Les Gorges du Tarn, c’est wow non? On a le temps de les voir?

C’est même méga-wow !! et est-ce qu’on a le temps d’admirer le paysage ? tout dépend de l’objectif que l’on se donne … 😉 mais oui sur 8 ou 9h de rame (pour la longue distance) on a le temps. Perso, je n’ai pas beaucoup levé la tête mais je me délecte tout de même de ce qu’il se passe sous ou à côté de ma board ! Ma plus belle image était sur la dernière édition, ou sur une portion, il y avait des plantes aquatiques à fleur d’eau en pleine floraison… l’impression d’un champ de pâquerettes au ras de la rivière … Ce sont ce genre d’images qui te remplissent et te redonnent un coup de boost ! Et l’arrivée sous le viaduc de Millau, c’est une vraie récompense et là pour le coup, on peut difficilement le louper ! 😉

Comment se déroule l’événement sur le week-end (hébergement, logistique, transports)

L’évènement est organisé de mains de maître par Pierre Toussaint et son équipe. Aucune fausse note. Pour l’hébergement, j’ai opté pour le camping de La Malène pour le côté convivial avec les autres riders et la proximité du départ mais il y a plein d’autres options. Le transport est prévu le matin pour nous emmener sur le départ de la course à Saint Chély. On trouve 3 ravitos le long du parcours avec des bénévoles toujours souriants et bienveillants.


Il s’agit d’une descente de rivière et certaines images montrent des eaux parfois bouillonnantes, peux-tu nous parler des courants et d’éventuelles précautions à prendre?

Il y a, en effet un certain nombre de rapides à passer. Certains permettent juste de te pousser un peu plus, pour d’autres, il faut faire un peu plus attention. Mais cela reste à la portée de tous. Il suffit de suivre la veine d’eau qui se dessine devant nous. Et pour les eaux bouillonantes comme tu dis, au grand dam des spécialistes de la rivière, il y a toujours la possibilité de les passer à genoux sur sa planche. Mieux vaut privilégier la sécu que le style non ? … Le principal est de prendre plaisir tout le long du parcours.

Mes entraînements, avec l’aide précieuse de mon coach Vincent Guillaume, me permettent de travailler tous les aspects de la discipline : endurance, technique, coordination et équilibre. Je m’entraîne quasi-exclusivement sur le lac Léman, qui offre des conditions de flat mais aussi agitées et même faire de beaux downwind. Bref pas besoin d’avoir nécessairement un rivière à portée de main pour se préparer à descendre le Tarn.

Aurais-tu des conseils pratiques pour des paddlers qui voudraient participer à la TaWaRa pour la première fois afin qu’ils en profitent au maximum?

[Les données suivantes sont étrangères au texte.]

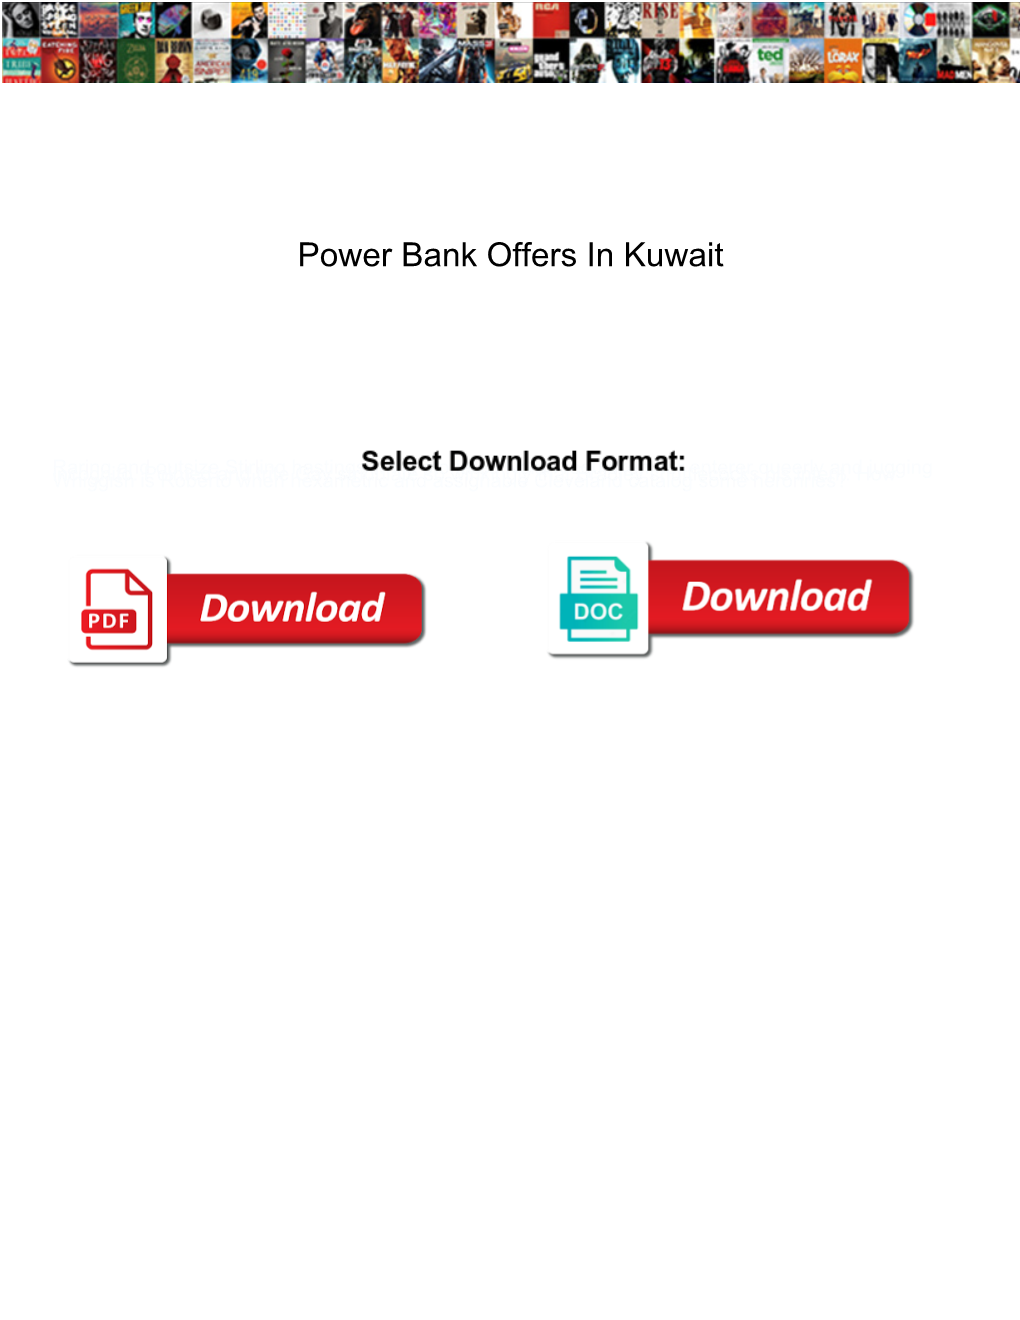 Power Bank Offers in Kuwait

Tout d’abord le parcours est accessible à tous. Mais pour les plus frileux, il y a une version courte de 18km qui couvre, à mon sens, la plus belle partie du parcours. En ce qui concerne le matos, la board gonflable me semble être incontournable (c’est quand même beaucoup plus safe pour les passages dans les rapides et pour éviter la casse). J’ai le privilège d’être équipée d’une 14’x27, grâce au support de mon partenaire technique Redwoodpaddle

Je conseille vivement un aileron court et de bien garder l’œil ouvert … on peut avoir des surprises avec les rochers/cailloux sous l’eau. Et également de protéger la pale de sa pagaie (quelques couches de scotch d’électricien font l’affaire).

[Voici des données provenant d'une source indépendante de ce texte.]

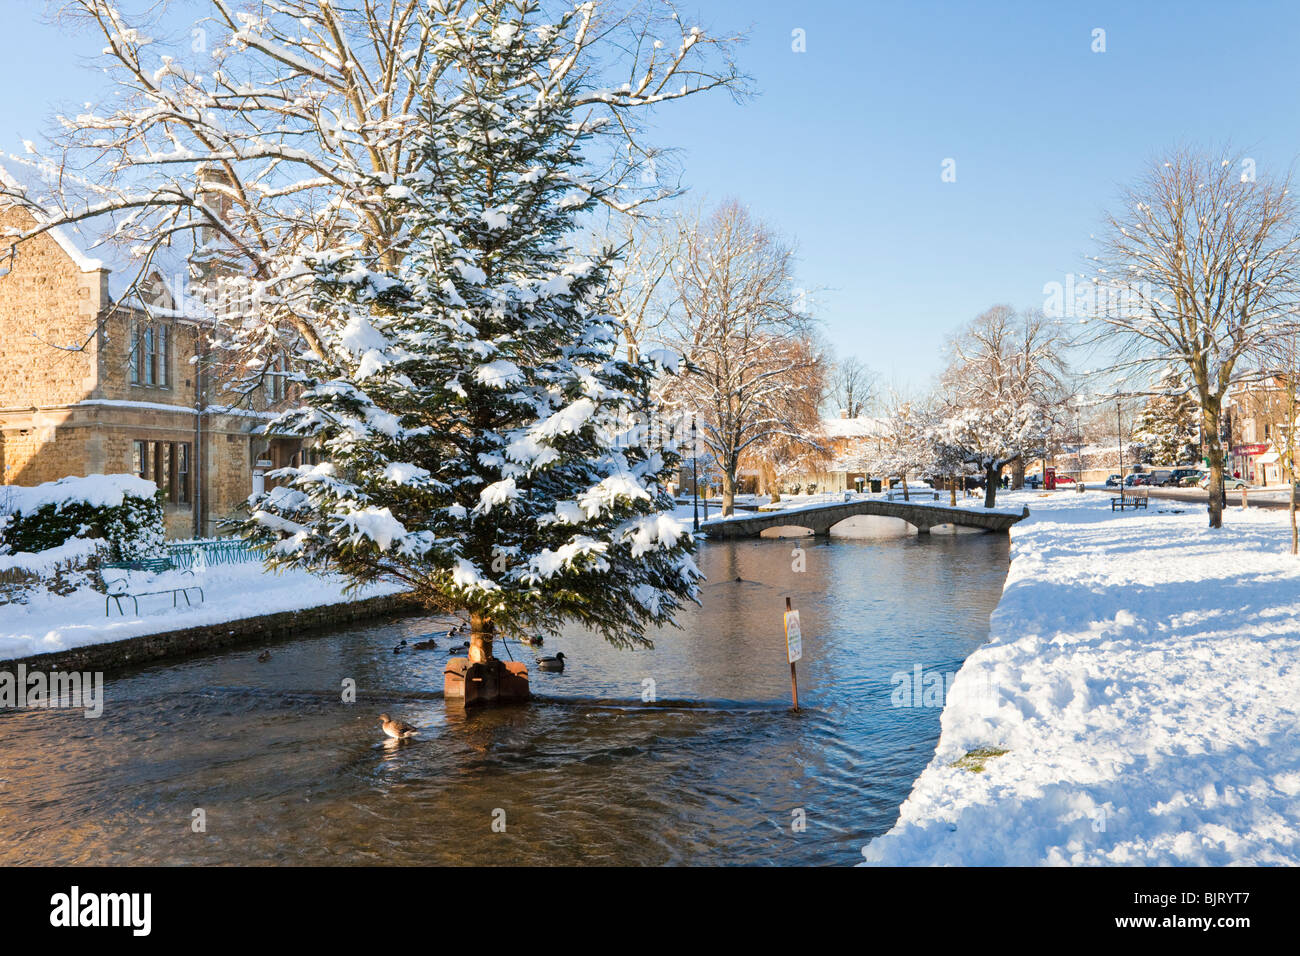 Winterschnee auf dem Weihnachtsbaum im River Windrush im Cotswold Dorf Bourton on the Water, Gloucestershire UK Stockfoto

Prévoir de bonnes chaussures, car il y a quand même quelques portages assez sport, dont un de 1.5km. Ce n’est pas juste du SUP mais une vraie expédition !

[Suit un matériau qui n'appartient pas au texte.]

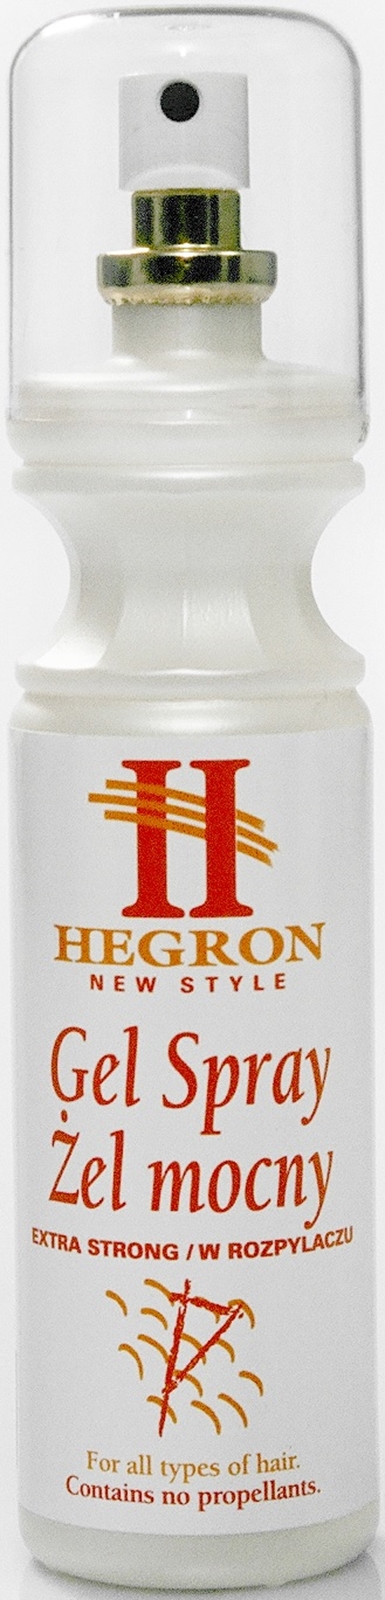 Hegron Gel Spray, żel do włosów mocny, spray 150ml

Préparer un bon petit sac étanche pour emmener son picnic (perso c’est des barres énergétiques faites maison pour la garantie d’embarquer avec des aliments qui ne laisseront pas une surprise en terme de digestion mais penser au petit encas plaisir quand même) et 2, 3 bricoles comme un aileron de rechange, ou du sparadrap en cas d’ampoule (que je n’ai jamais eues sur ce parcours)..

Et dernier conseil : inscrivez-vous, vous ne le regretterez pas ! 😉 A très vite sur les eaux limpides du Tarn !!